ACTIVITY
Retype only the lines below from the one with "Зарядное устройство Baseus" to the one with "School in Tarragona", inclusive, skipping every image.

DATA SECTION
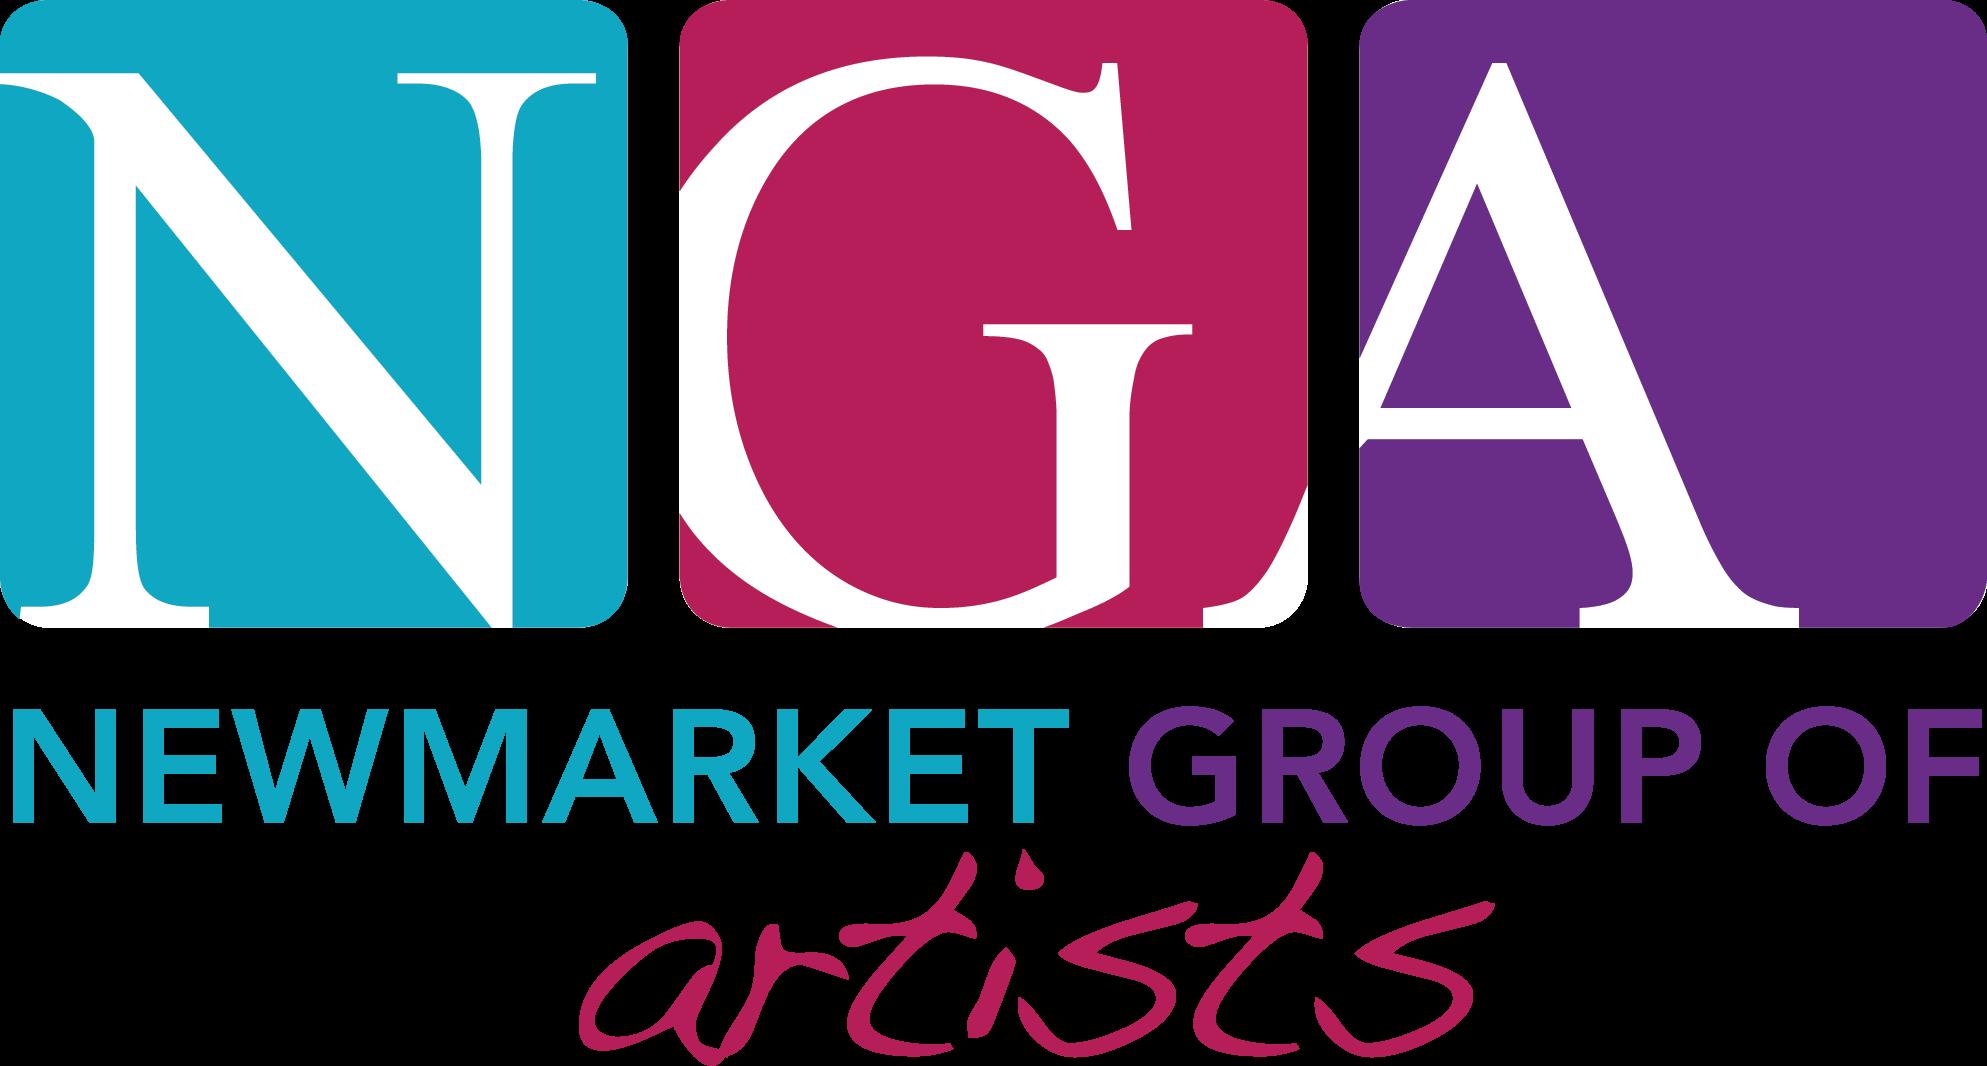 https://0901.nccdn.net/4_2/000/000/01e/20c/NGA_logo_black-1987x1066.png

* * *

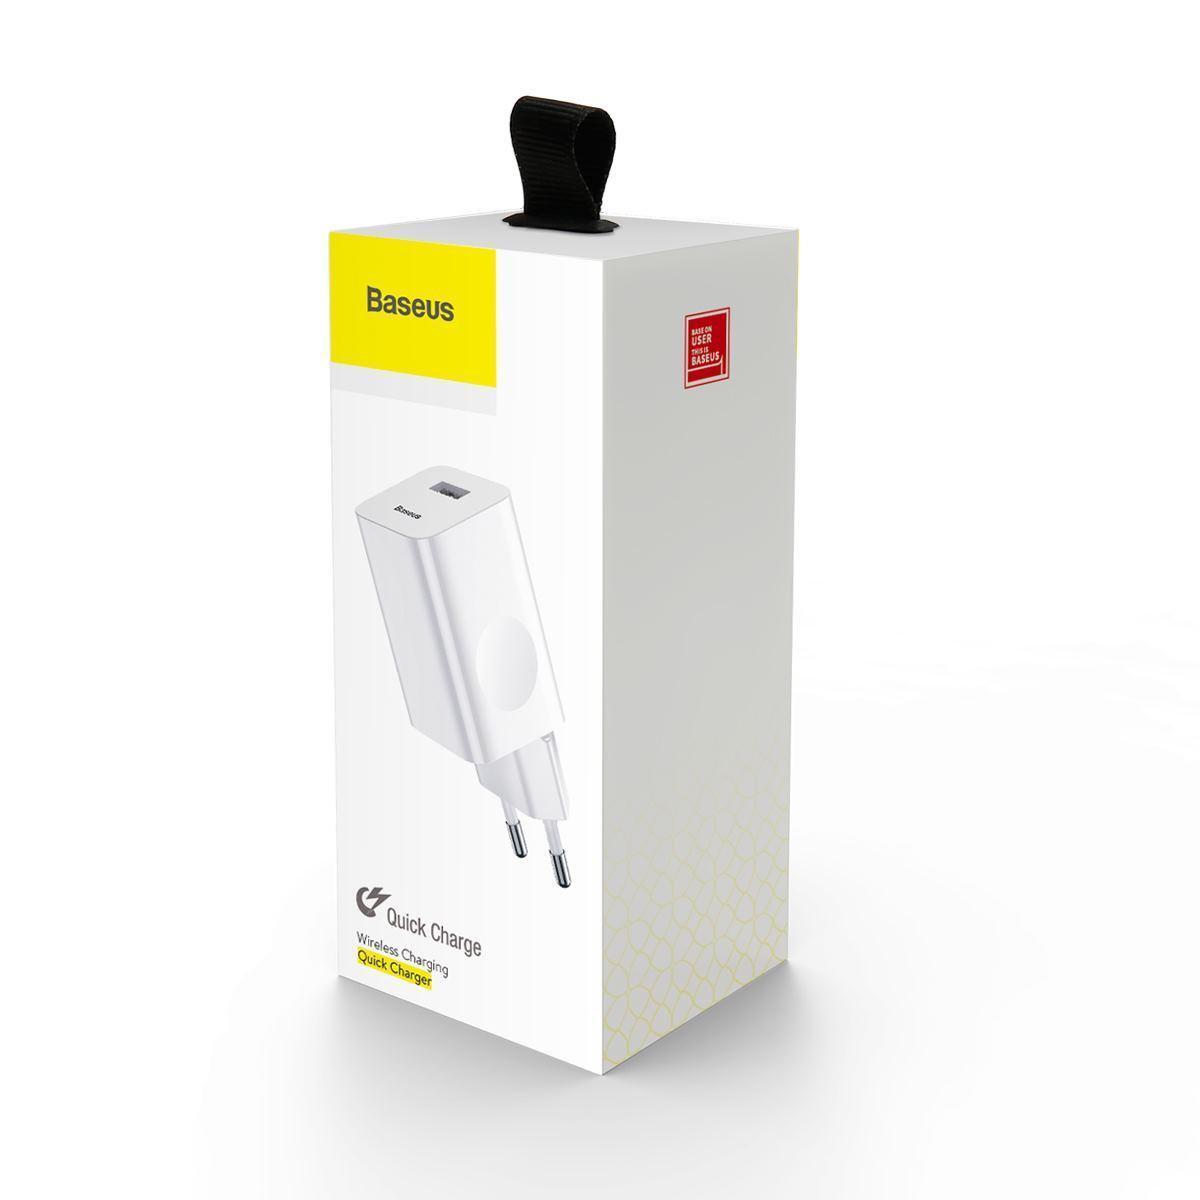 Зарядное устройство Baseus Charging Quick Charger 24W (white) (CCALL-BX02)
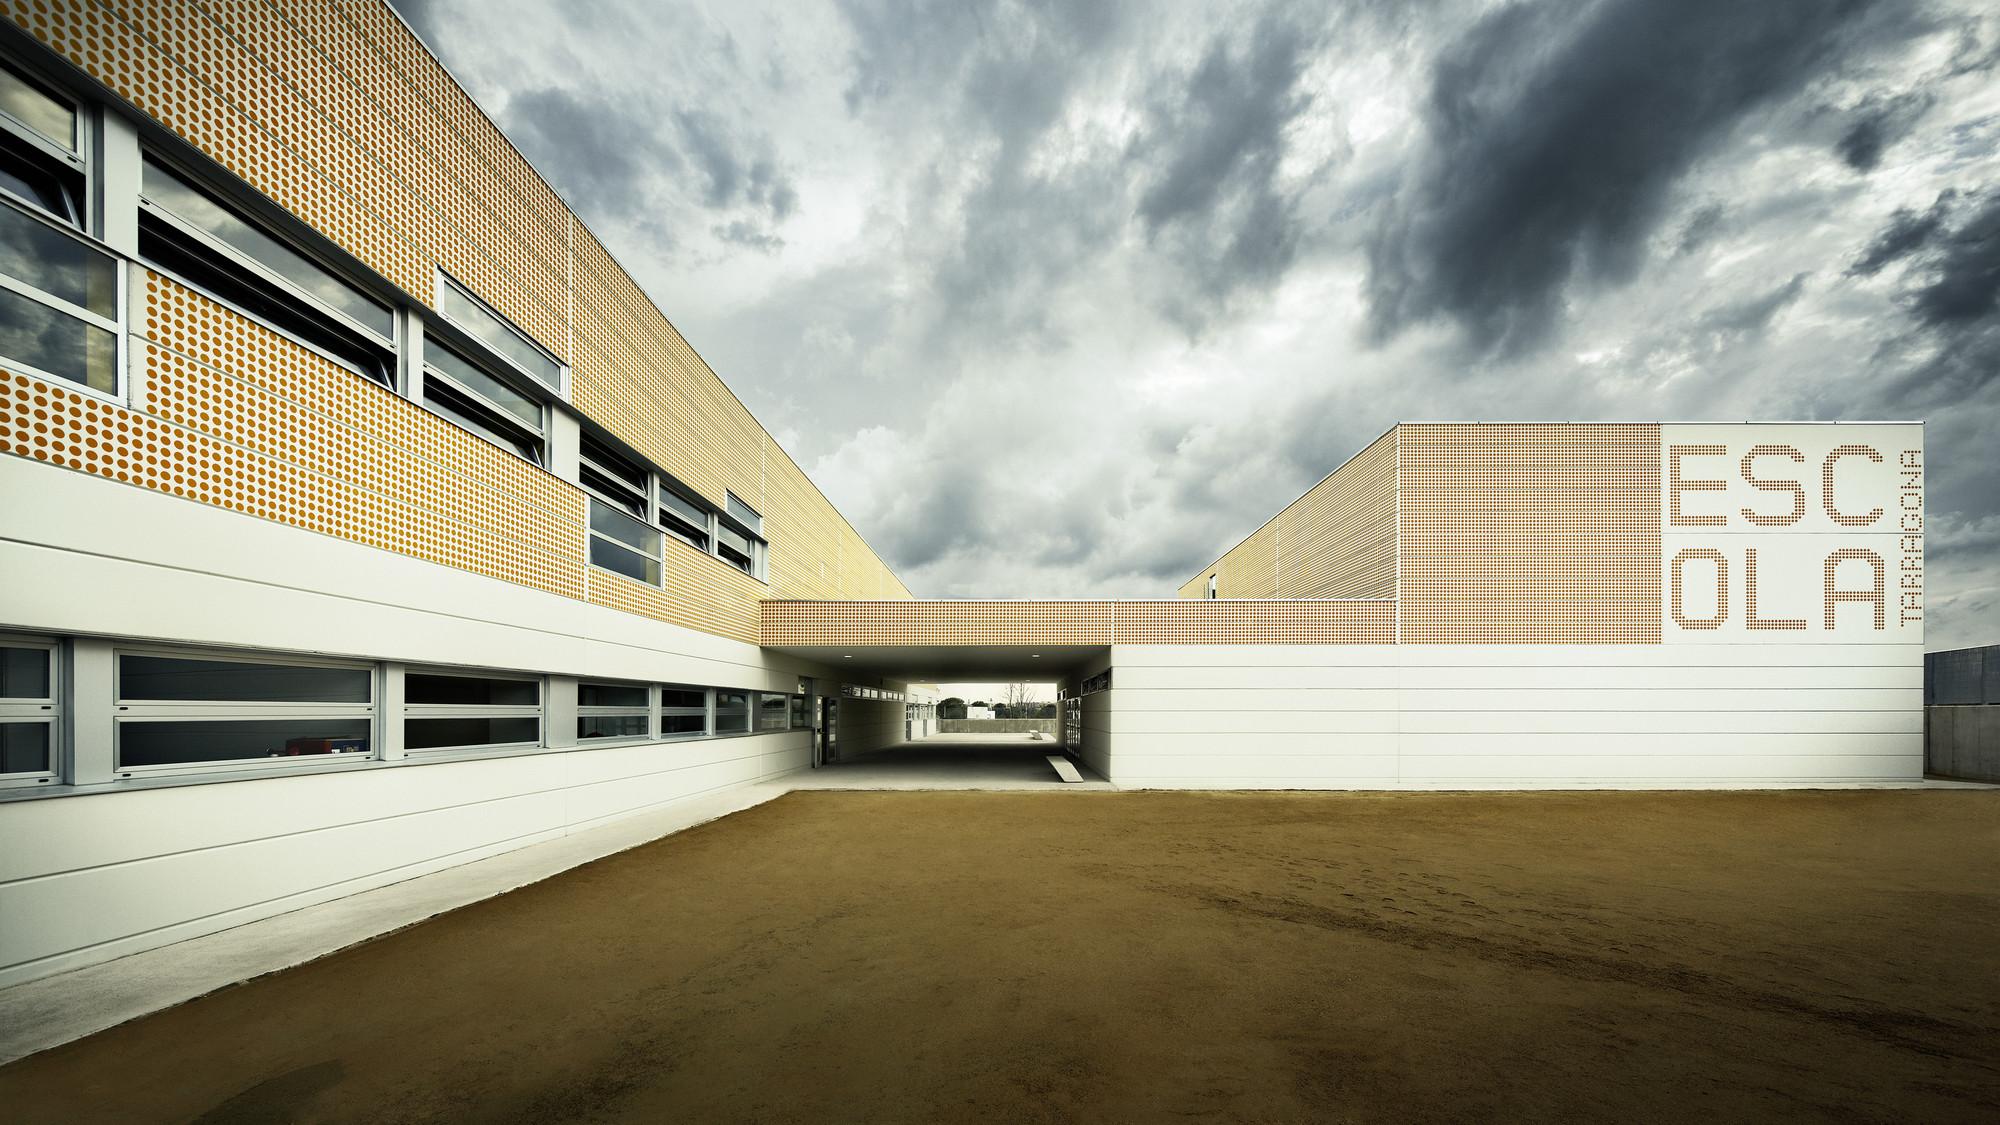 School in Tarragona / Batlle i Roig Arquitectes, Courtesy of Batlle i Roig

* * *

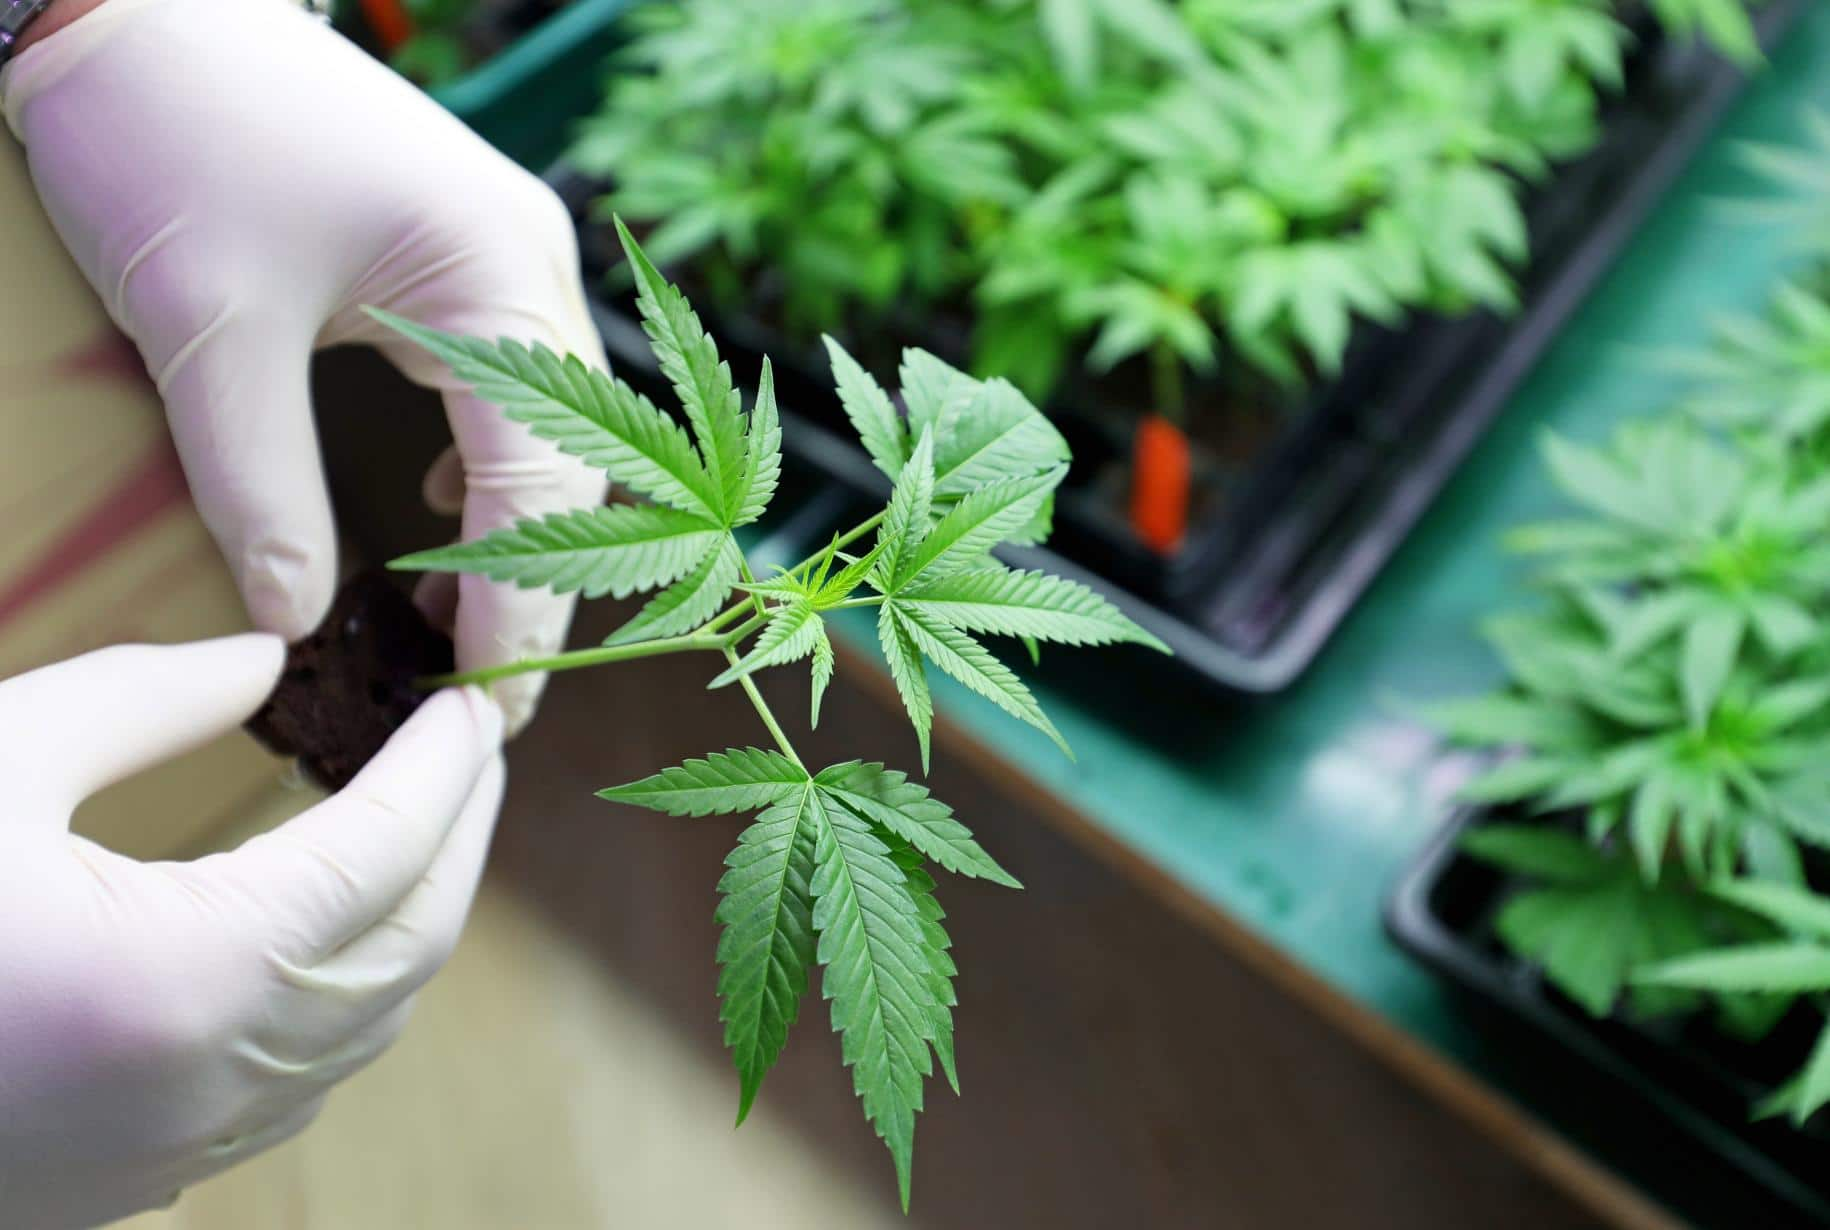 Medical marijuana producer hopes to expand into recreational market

ANSWER FOR THIS EXERCISE
 Зарядное устройство Baseus Charging Quick Charger 24W (white) (CCALL-BX02)
 School in Tarragona / Batlle i Roig Arquitectes, Courtesy of Batlle i Roig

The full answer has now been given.